Said Hamilton: “She’s grown so much in the mental aspect of the game and it showed in her physical play. She became a great leader on our team, especially when people’s heads went down.”
Hartford’s previous coach, Jen Wheatley, took over in 2015, inheriting a program that had gone 8-78 the previous six seasons, including a winless campaign in 2014. A 2006 Hartford graduate who helped the Hurricanes reach the state semifinals as a senior, Wheatley nonetheless took the helm of a team that had never posted a winning record.

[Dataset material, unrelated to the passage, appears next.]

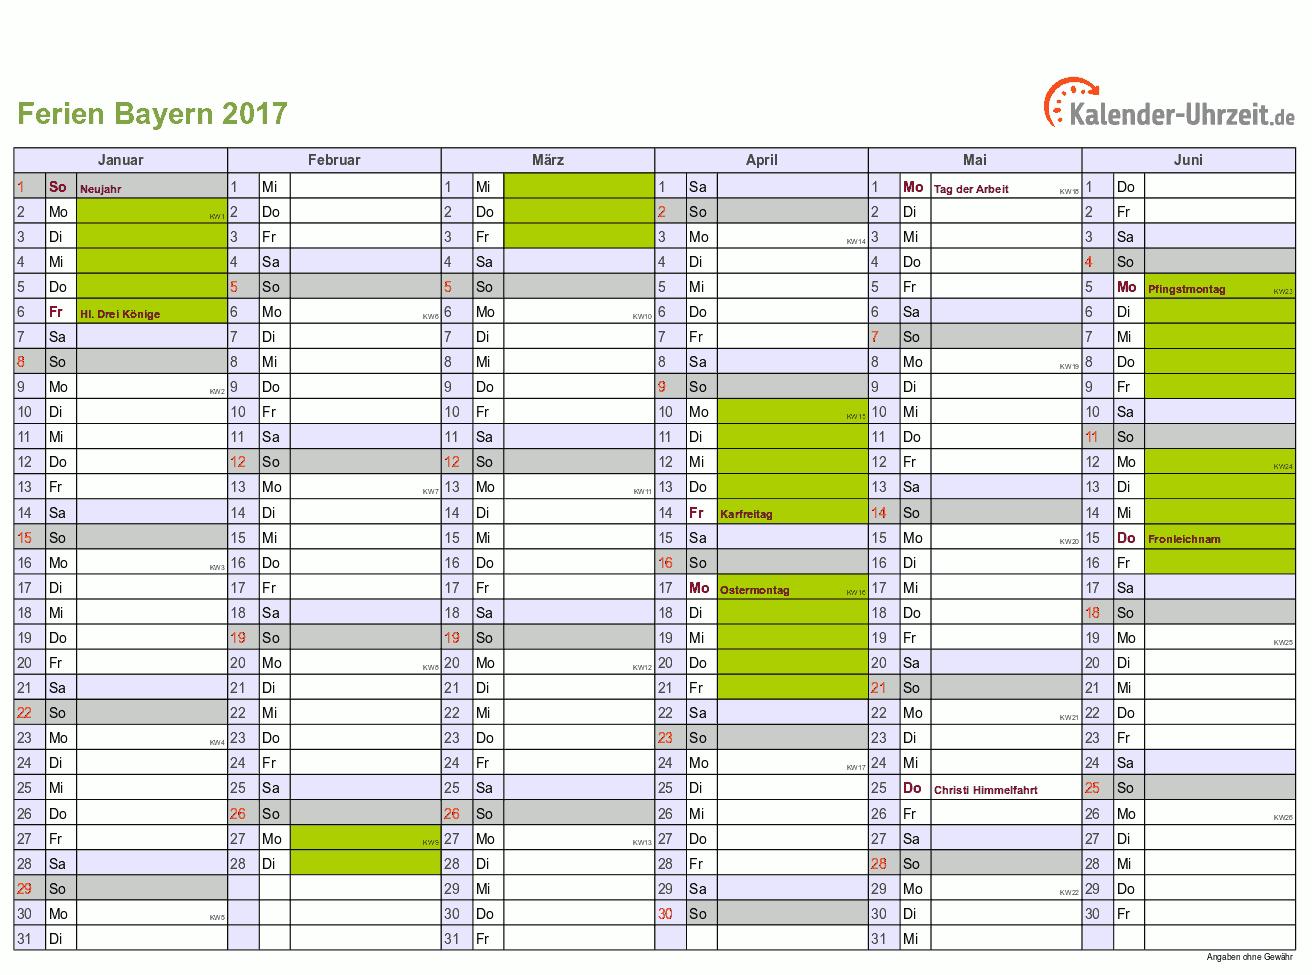 ferien bayern 2017 ferienkalender zum ausdrucken. Black Bedroom Furniture Sets. Home Design Ideas

Hartford was 8-41 during three seasons under Wheatley, a former middle school coach, who through determination and force of personality, began to change the program’s hopeless culture. The Hurricanes were 6-11 in 2017, their best record in more than a decade. The eighth-seeded team defeated Woodstock in the playoffs’ opening round, its first postseason victory since 2008.

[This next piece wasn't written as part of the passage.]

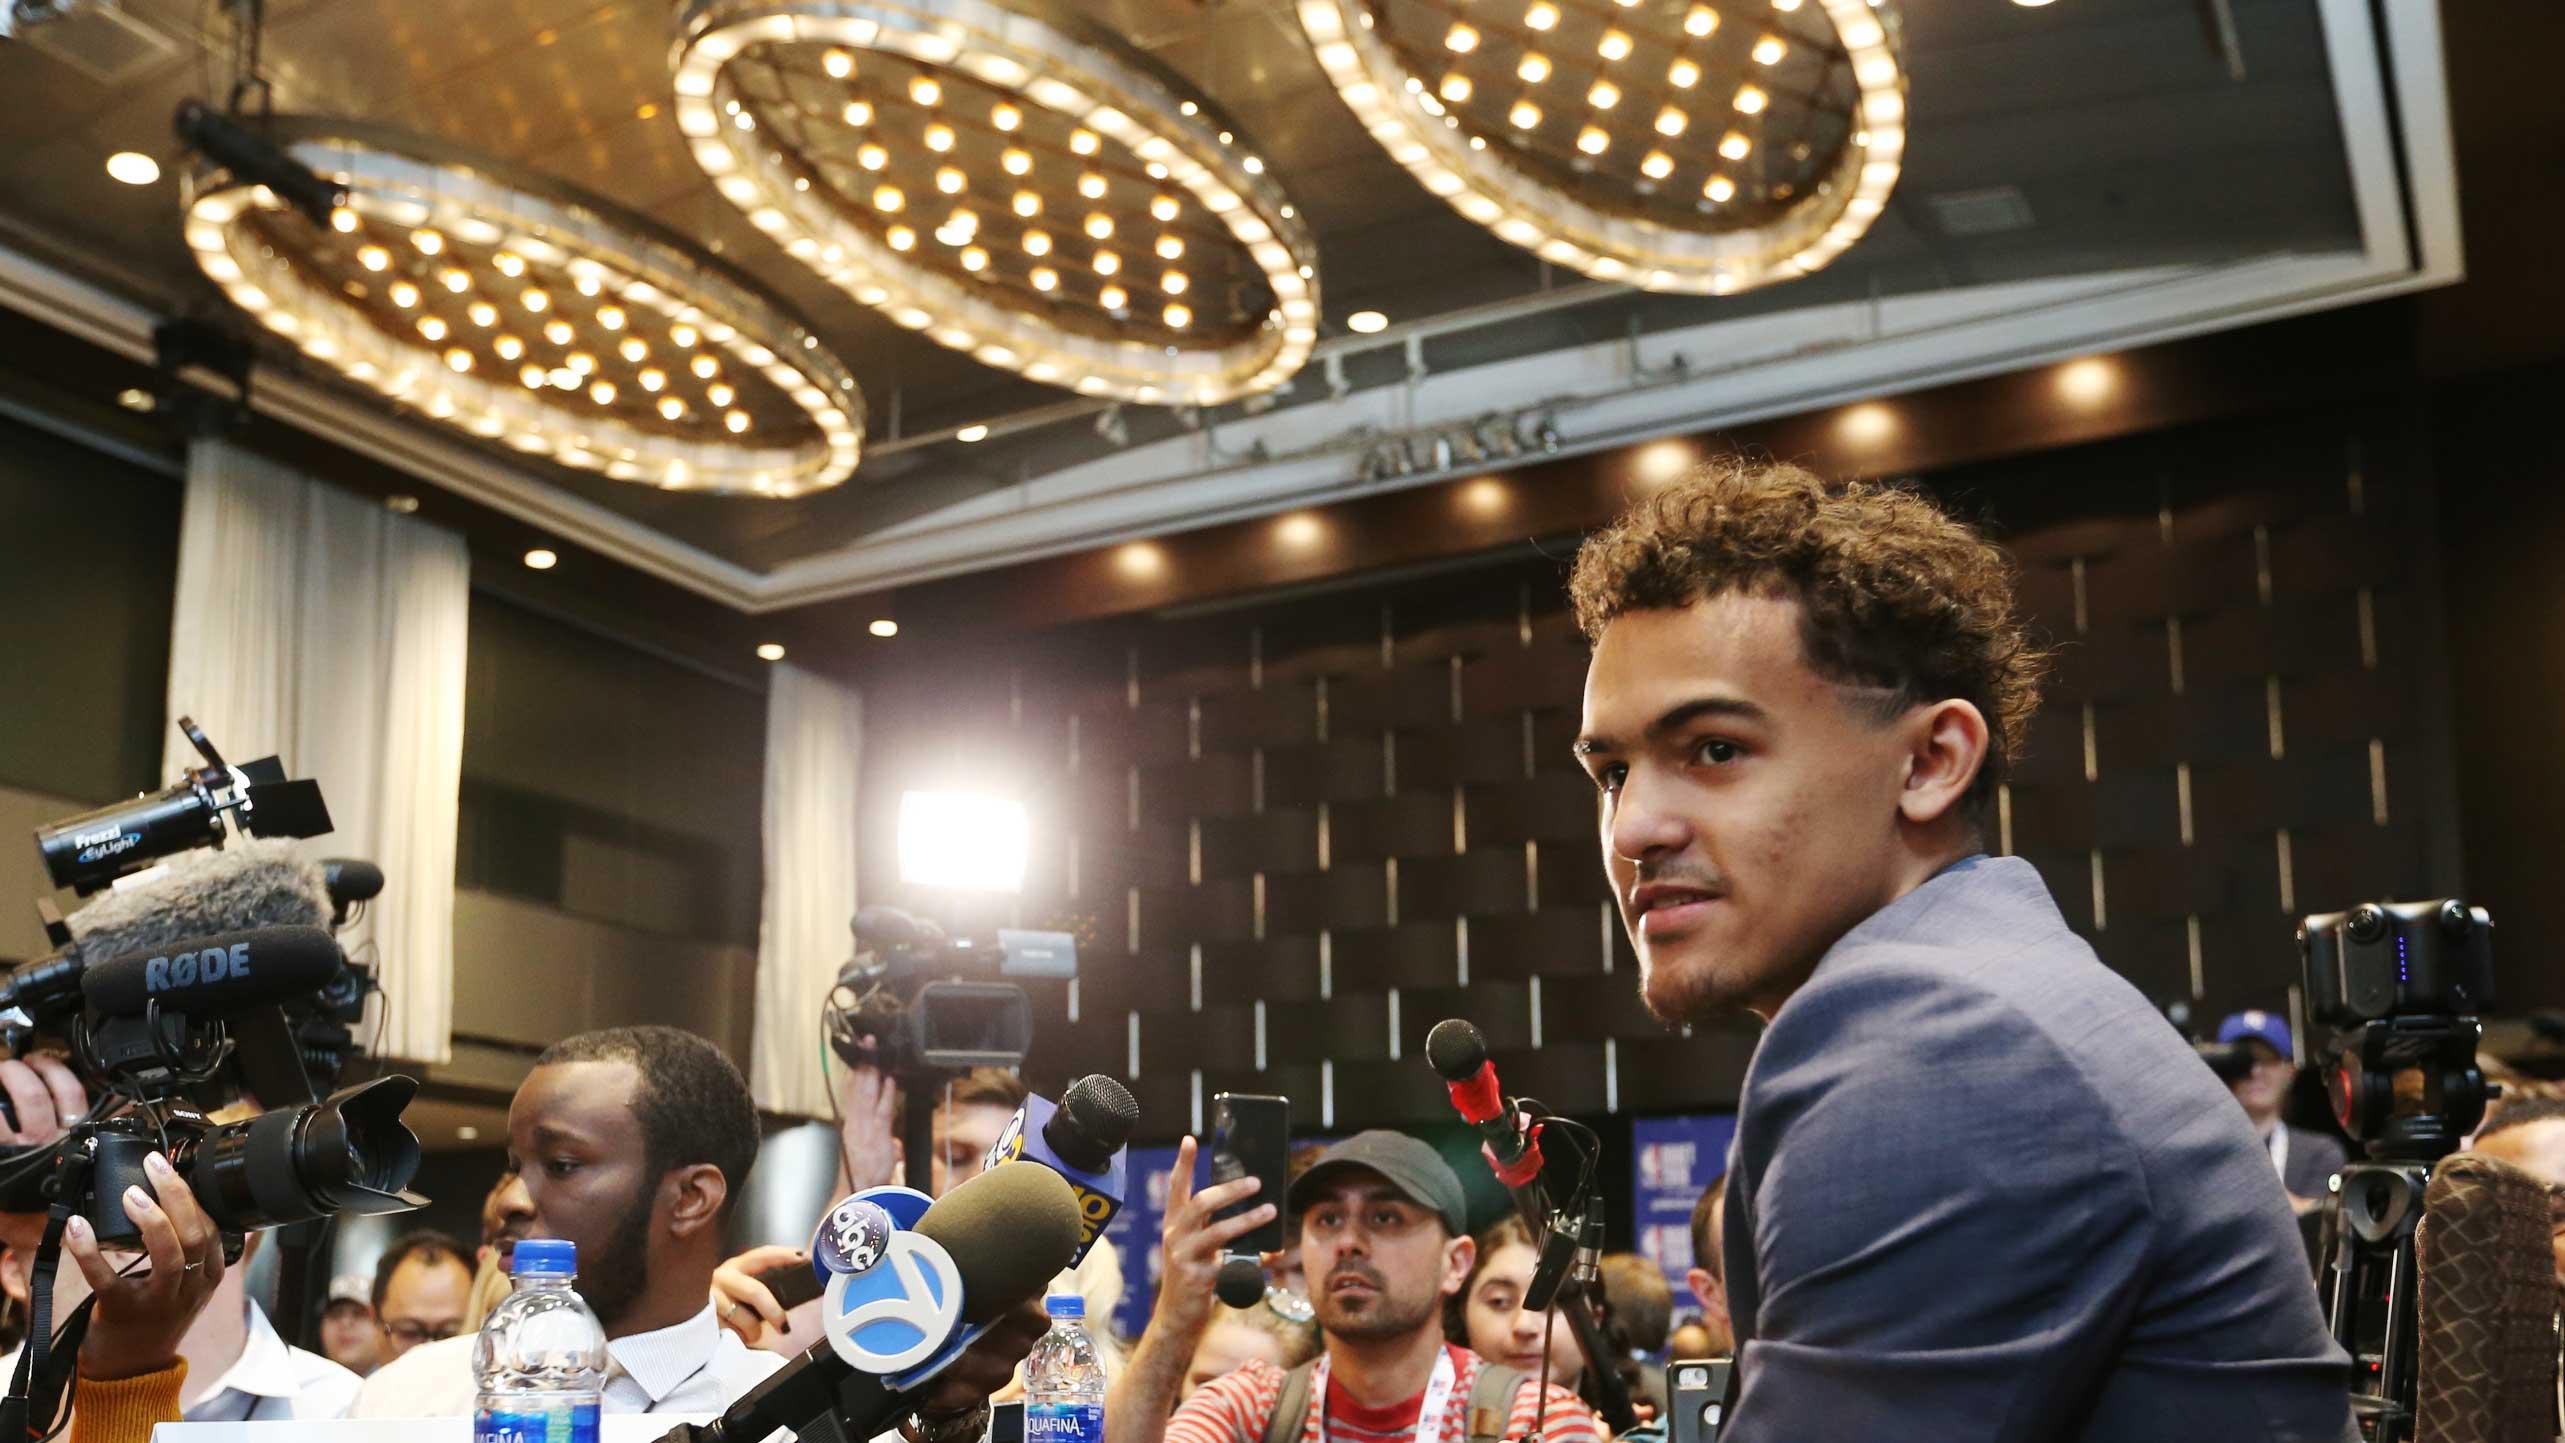 2018 NBA Draft – Media Availability and Portraits

It seemed a stroke of bad luck when Wheatley had to resign for health reasons, but in stepped Heather Hartford. A Springfield, Vt., native who played three sports, including lacrosse, at Colby-Sawyer College, she was now a divorced mother with an empty nest who was looking to retire in her hometown.

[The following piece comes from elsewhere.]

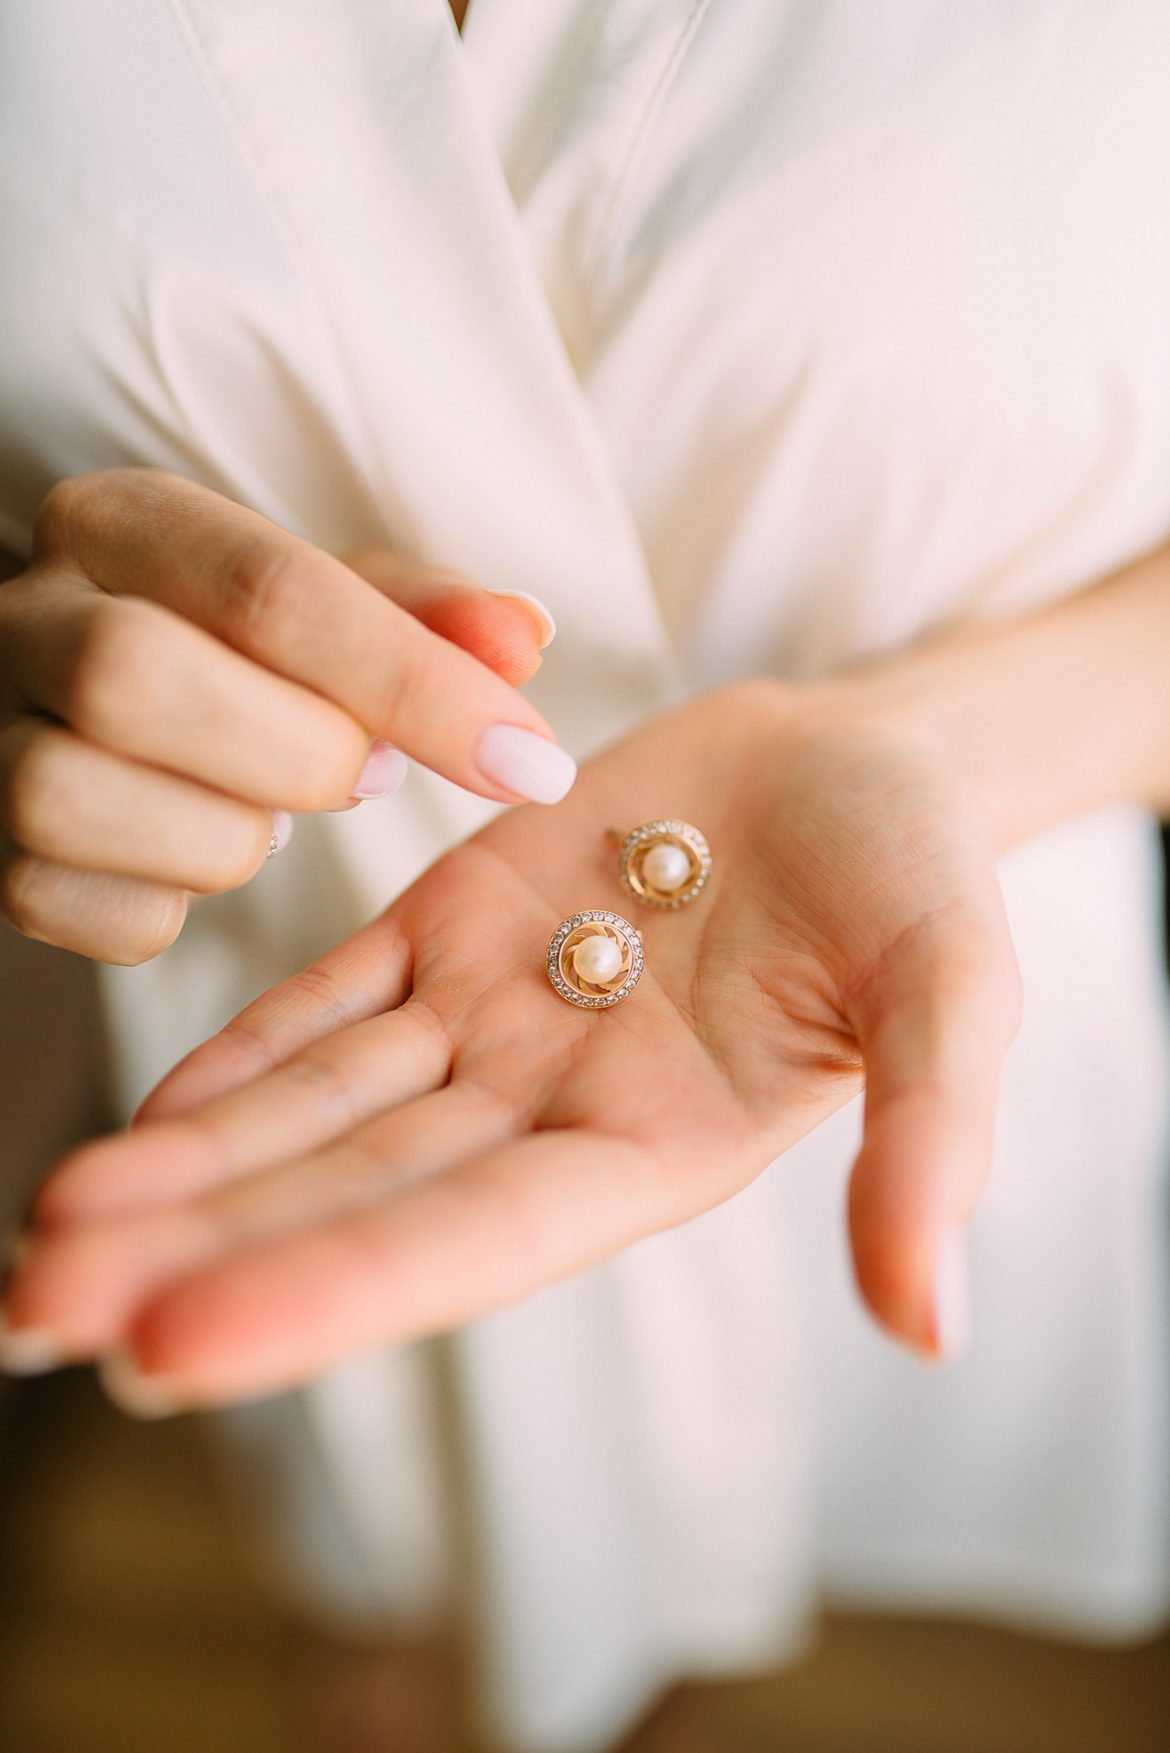 鑽石和珍珠耳環能夠應對不同場合需要

Hartford had a connection with her eponymous school after coaching some of its middle-school students who traveled to play for a club lacrosse organization she oversaw in Georgetown, Mass. That’s how she heard of the Hurricanes’ coaching opening and how the program’s trajectory moved from a slow climb to a rocket launch.
“It didn’t take much arm-twisting for her to take the job,” recalled Hartford athletic director Jeff Moreno. “She taught the game very quickly and we were competitive immediately. I told her that if she won a state title, we’d put her name on the school building and all our jerseys.”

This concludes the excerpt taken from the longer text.